Tamil Wikipedia volunteers offer to help State’s top universities digitise scholarly works
A group of volunteers who contribute regularly to the free online Tamil Wikipedia are lobbying with the State’s top universities to digitise volumes of Tamil encyclopaedia to make accessible valuable content under open knowledge networks.
“There are various Tamil development agencies and universities that get funded to produce scholarly works in encyclopaedias,” says A. Ravishankar, an active volunteer of Chennai’s network of contributors to Tamil Wikipedia.
“These were initiatives started in the 1960s. So mostly they don’t have digital versions and are not accessible unless you buy the book. There are also many works that are out of print. We are looking to digitise these under open knowledge networks,” he says.
Unlike in Western languages, there are few free online resources for users in Tamil. The biggest free resource is the online encyclopaedia Tamil Wikipedia that recently celebrated its 10 anniversary in the city. It has over 55,000 articles written and edited by over 900 contributors, in an age group ranging from 11 to 77 years.
The transferring of such scholarly works online, under licences such as ‘creative commons’ or other ‘copyleft’ (opposite of copyright) agreements have already started around the world and in India. Recently, the University of Goa released its encyclopaedia in Konkani under the creative commons licence that allows for everyone to share information with proper crediting.
In 2008, Malayalam encyclopaedia ‘Sarvavijnjakosam’ was released under GFDL (GNU Free Documentation Licence) on the website mal.sarva.gov.in.

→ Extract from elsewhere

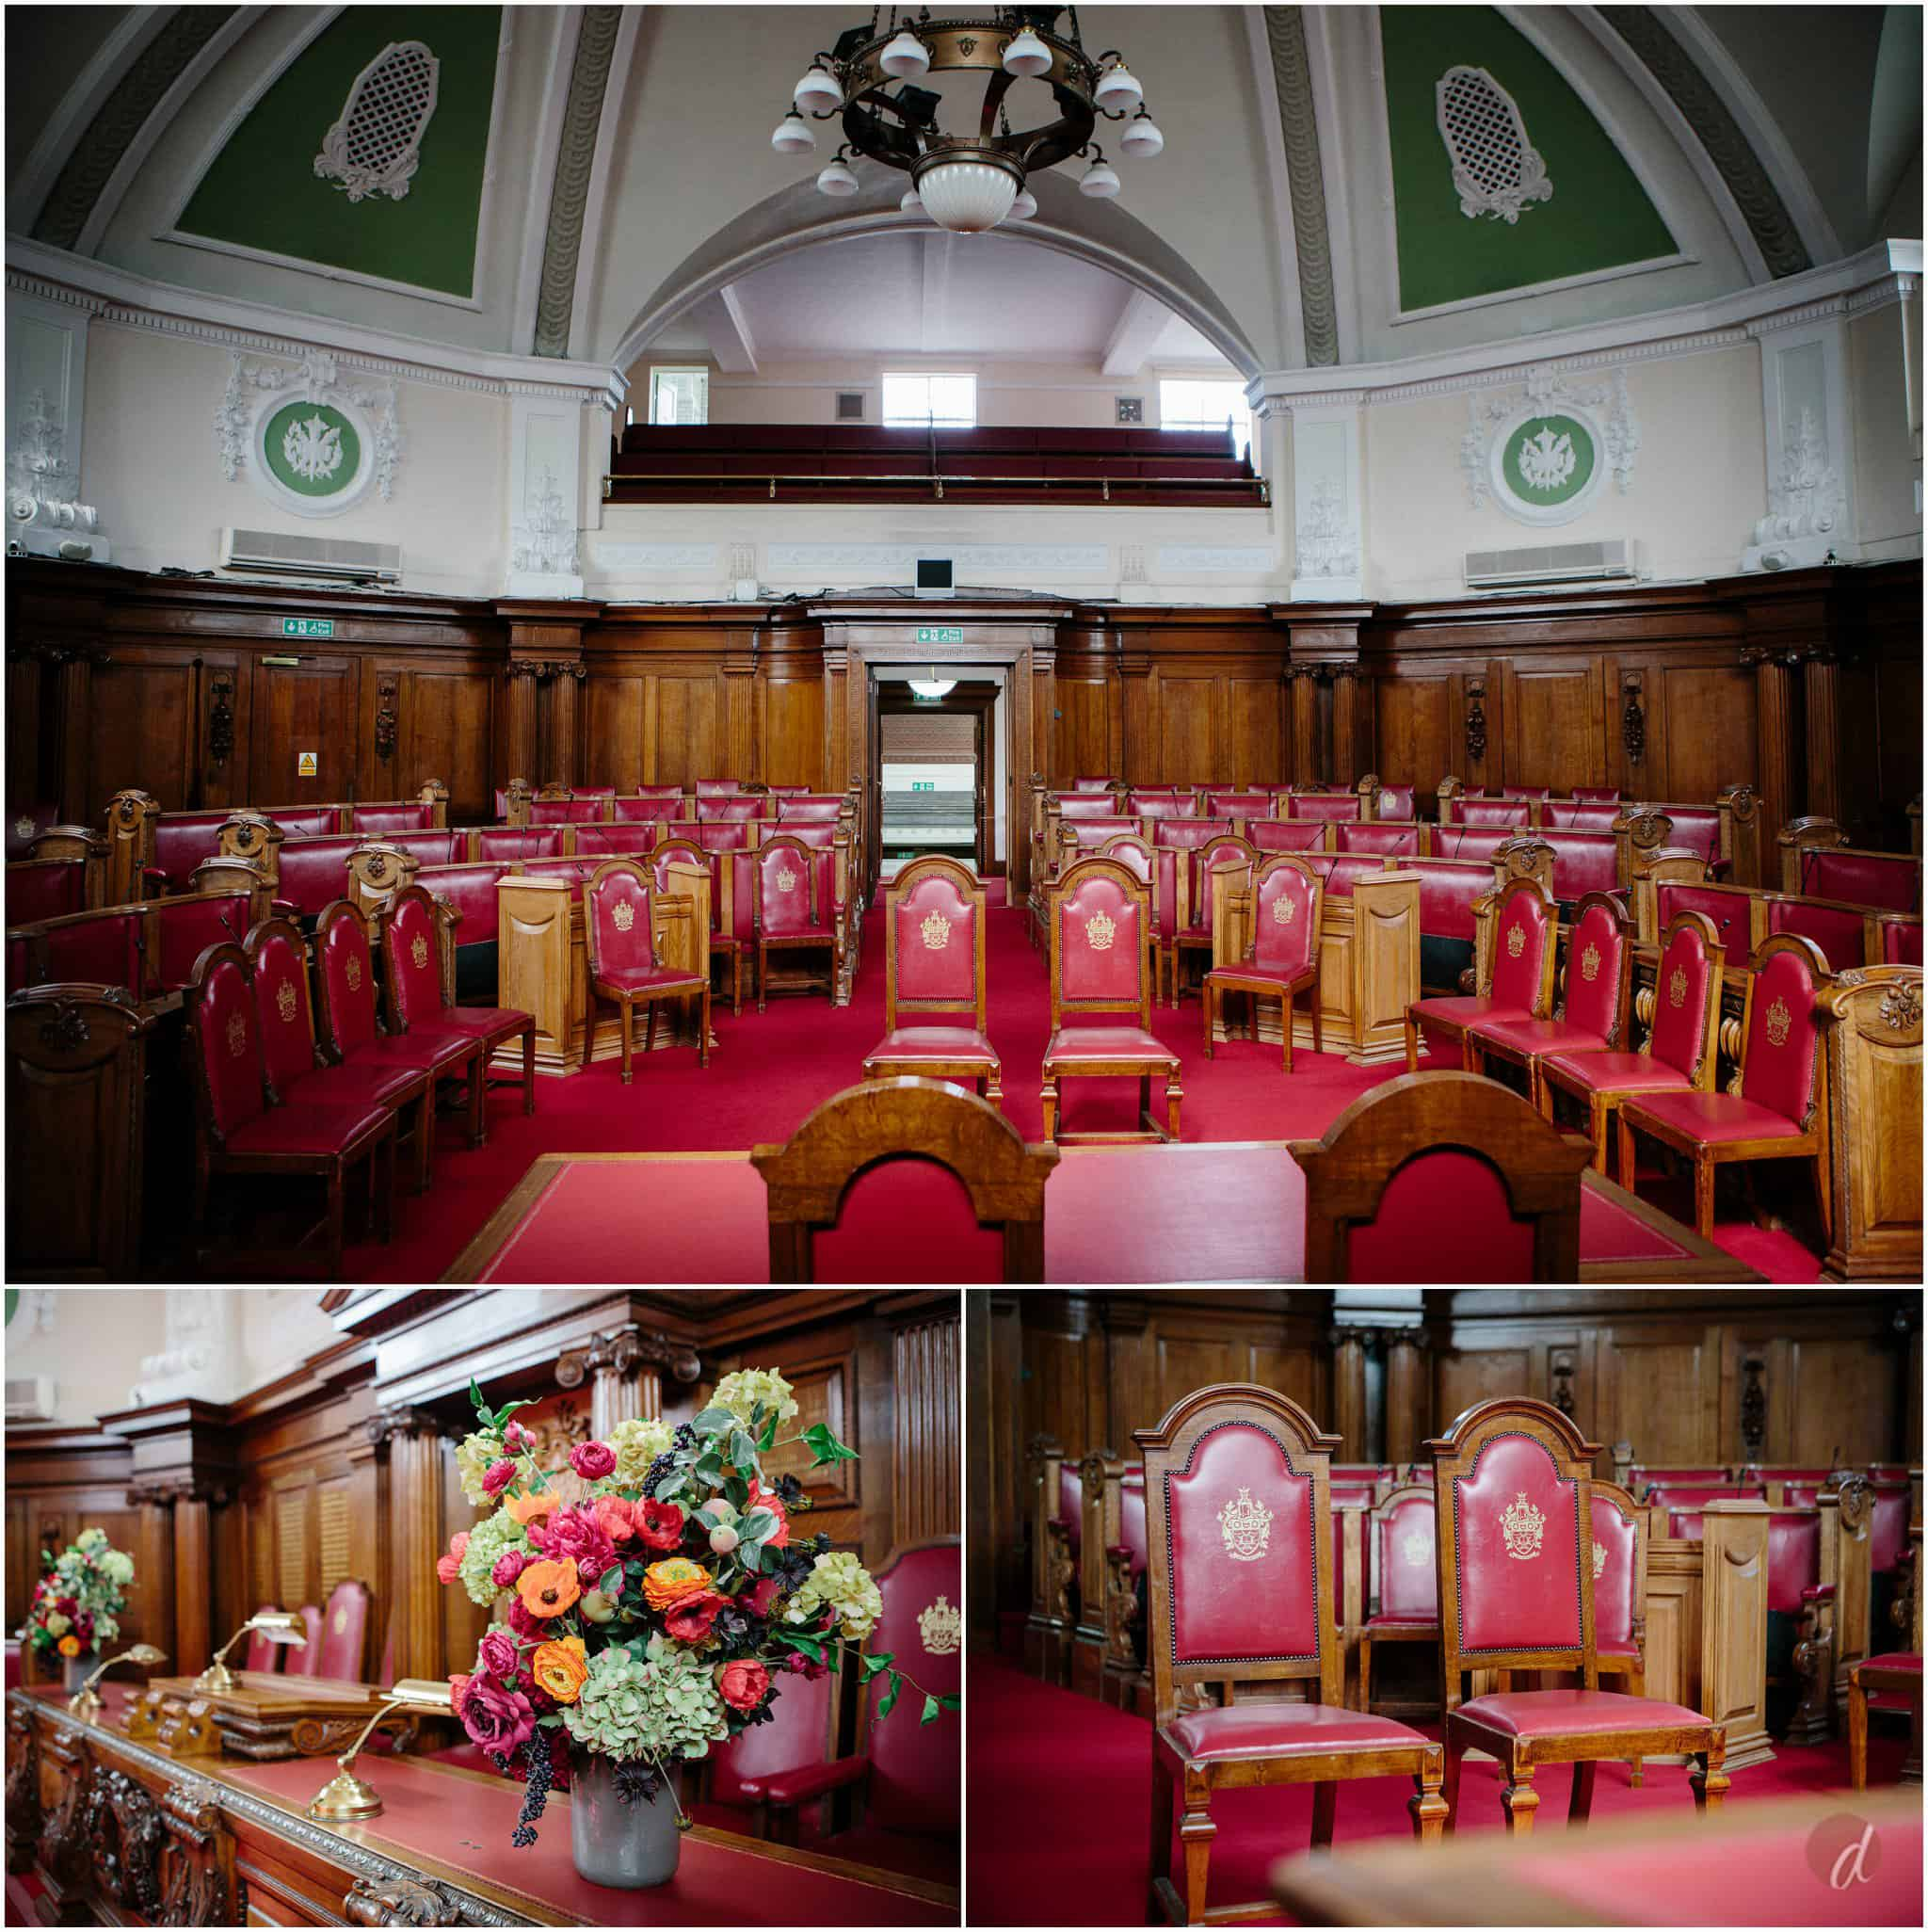 islilngton town hall council chamber wedding

The task of digitising Tamil encyclopaedias would be labour-intensive even more than cost-intensive, and is an area where the Tamil Wikipedia network can pitch in, volunteers say. “There are no good OCR (optical character readers) for Tamil. So the work will have to be manual, and each of the articles will have to be physically typed. If we take up the work, we can save the universities a lot of money and also open up vast reams of knowledge for the common good,” Ravishankar adds.
The Tamil Wikipedia network has asked its volunteers to spread the message at all possible venues to free up knowledge. “You cannot lock up knowledge in books any more,” Ravishankar says. “It is time to free it for the world to read.”